GNN can’t learn the length of a cycle that $v_1$ resides in

Therefore, we should augment node features with cycle count manually by adding a vector of cycle counts like this:

$$ \text{cycle count feature: } [0, 0, 0, 1, 0, 0] $$

where index 0 indicates that $v_1$ resides in cycle of length $0$, index 1 indicates cycle of length $1$, and so on.

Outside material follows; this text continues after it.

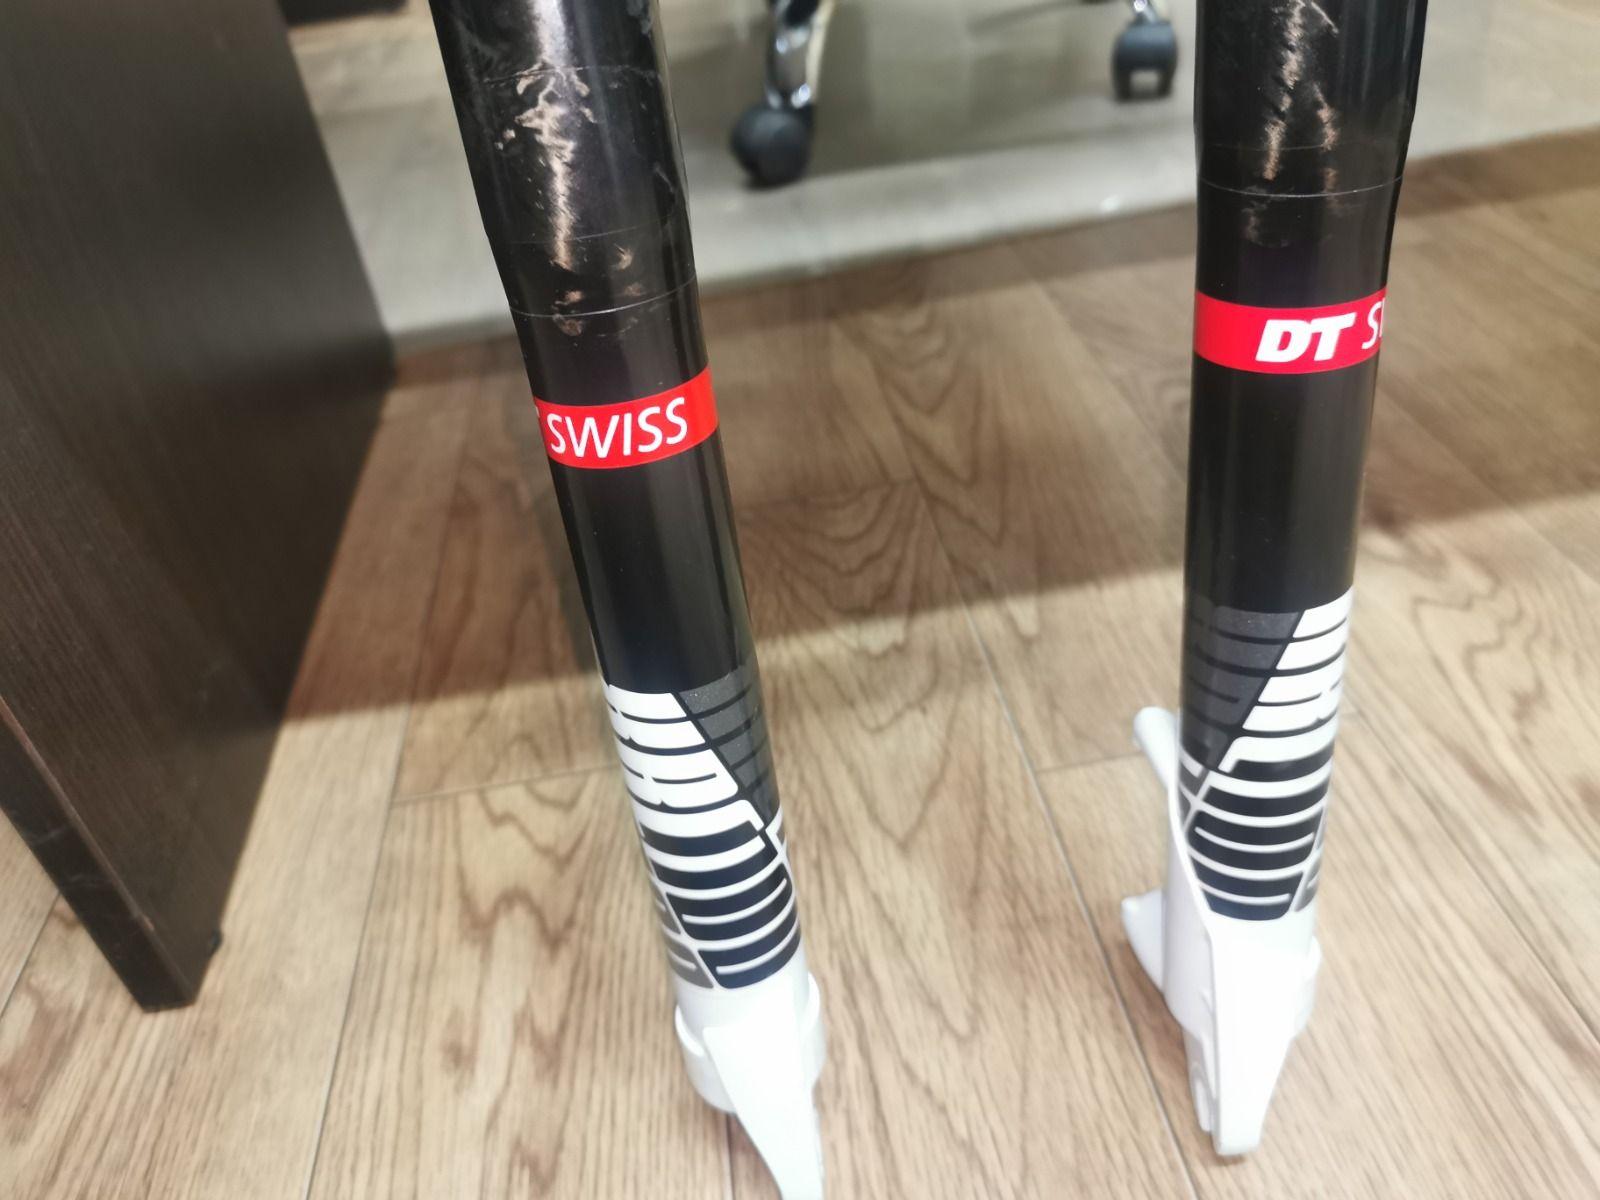 Вилка DT Swiss XRC 100 26

Commonly used augmented features

  • Node Degree
  • PageRank
  • Clustering coefficient
  • Node centrality
    • Eigenvector
    • Betweenness
    • Closeness
  • Graphlet

Add virtual nodes / edges

Virtual edge

Common approach: connect 2-hop neighbors

  • instead of using adj. matrix $A$ for GNN computation, use $A^2 + A$

Use cases:

  • Bipartite graphs

Virtual node

Add a virtual node and connect it to other nodes (all or some of them)

Benefits:

  • Greatly improves message passing in sparse graphs

Node neighborhood sampling

Instead of using all nodes for message passing, (randomly) sample a node’s neighborhood. for example, if a node has 5 neighbors, sample 2 of them in the message passing phase.

Benefits:

  • Reduce computational cost
    • Allows for scaling to large graphs
  • in practice it works great 👌

Prediction with GNNs

GNN training pipeline

GNN training pipeline
GNN training pipeline

GNN output

GNN output is a set of node embeddings:

$$ \lbrace h_v^{(L)}, \forall v \in G \rbrace $$

Prediction head

  • Node-level tasks
  • Edge-level tasks
  • Graph-level tasks

Node-level

We can directly use node embeddings or transform them into label space ($y_v$ is ground truth label and $\widehat{y}_v$ is model output):

$$ \textcolor{Chartreuse}{\widehat{y}_v = h_v^{(L)}} $$

$$ \text{or} $$

$$ \textcolor{Chartreuse}{\widehat{y}_v = Head_{node}(h_v^{(L)}) = W^{(H)}h_v^{(L)}} $$

Edge-level

$$ \color{Chartreuse} \widehat{y}_{uv} = Head_{edge}(h_u^{(L)},h_v^{(L)}) $$

Options for $Head_{edge}$:

  • Concatenation + Linear: $\text{Linear}(\text{Concat}(h_u^{(L)},h_v^{(L)}))$
    • Similar to graph attention
  • Dot product: $(h_u^{(L)})^T h_v^{(L)}$
    • This approach only applies to 1-way prediction
    • Applying to $k$-way prediction
      • Similar to multi-head attention: $W^{(1)}, …, W^{(K)}$ is trainable

$$ \widehat{y}_{uv}^{(1)} = (h_u^{(L)})^T \textcolor{red}{W^{(1)}}h_v^{(L)} $$

$$ \dots $$

$$ \widehat{y}_{uv}^{(K)} = (h_u^{(L)})^T \textcolor{red}{W^{(K)}}h_v^{(L)} $$

$$ \widehat{y}_{uv} = \text{Concat}(\widehat{y}_{uv}^{(1)}, \dots, \widehat{y}_{uv}^{(K)}) \in \mathbb{R}^k $$

Graph-level

$$ \color{Chartreuse} \widehat{y}_G = Head_{graph}(\lbrace h_v^{(L)} \in \mathbb{R}^d, \forall v \in G \rbrace) $$

Options for $Head_{graph}$:

  • Global mean pooling
  • Global max pooling
  • Global sum pooling

These global pooling methods will work great over small graphs but

⚠️ Global pooling over a (large) graph will lose information

Hierarchical global pooling

Hierarchically pool section of nodes.

Which section?

Diffpool idea:

Diffpool
Diffpool

  • Leverage 2 independent GNNs at each level
    • GNN A: Compute node embeddings
    • GNN B: Compute the cluster that a node belongs to
  • GNNs A and B at each level can be executed in parallel
  • GNNs A and B are trained jointly

Training GNNs

Setting-up GNN Prediction Tasks

When Things Don’t Go As Planned

The three above topics are almost the same in other deep learning areas so I will put them aside for now.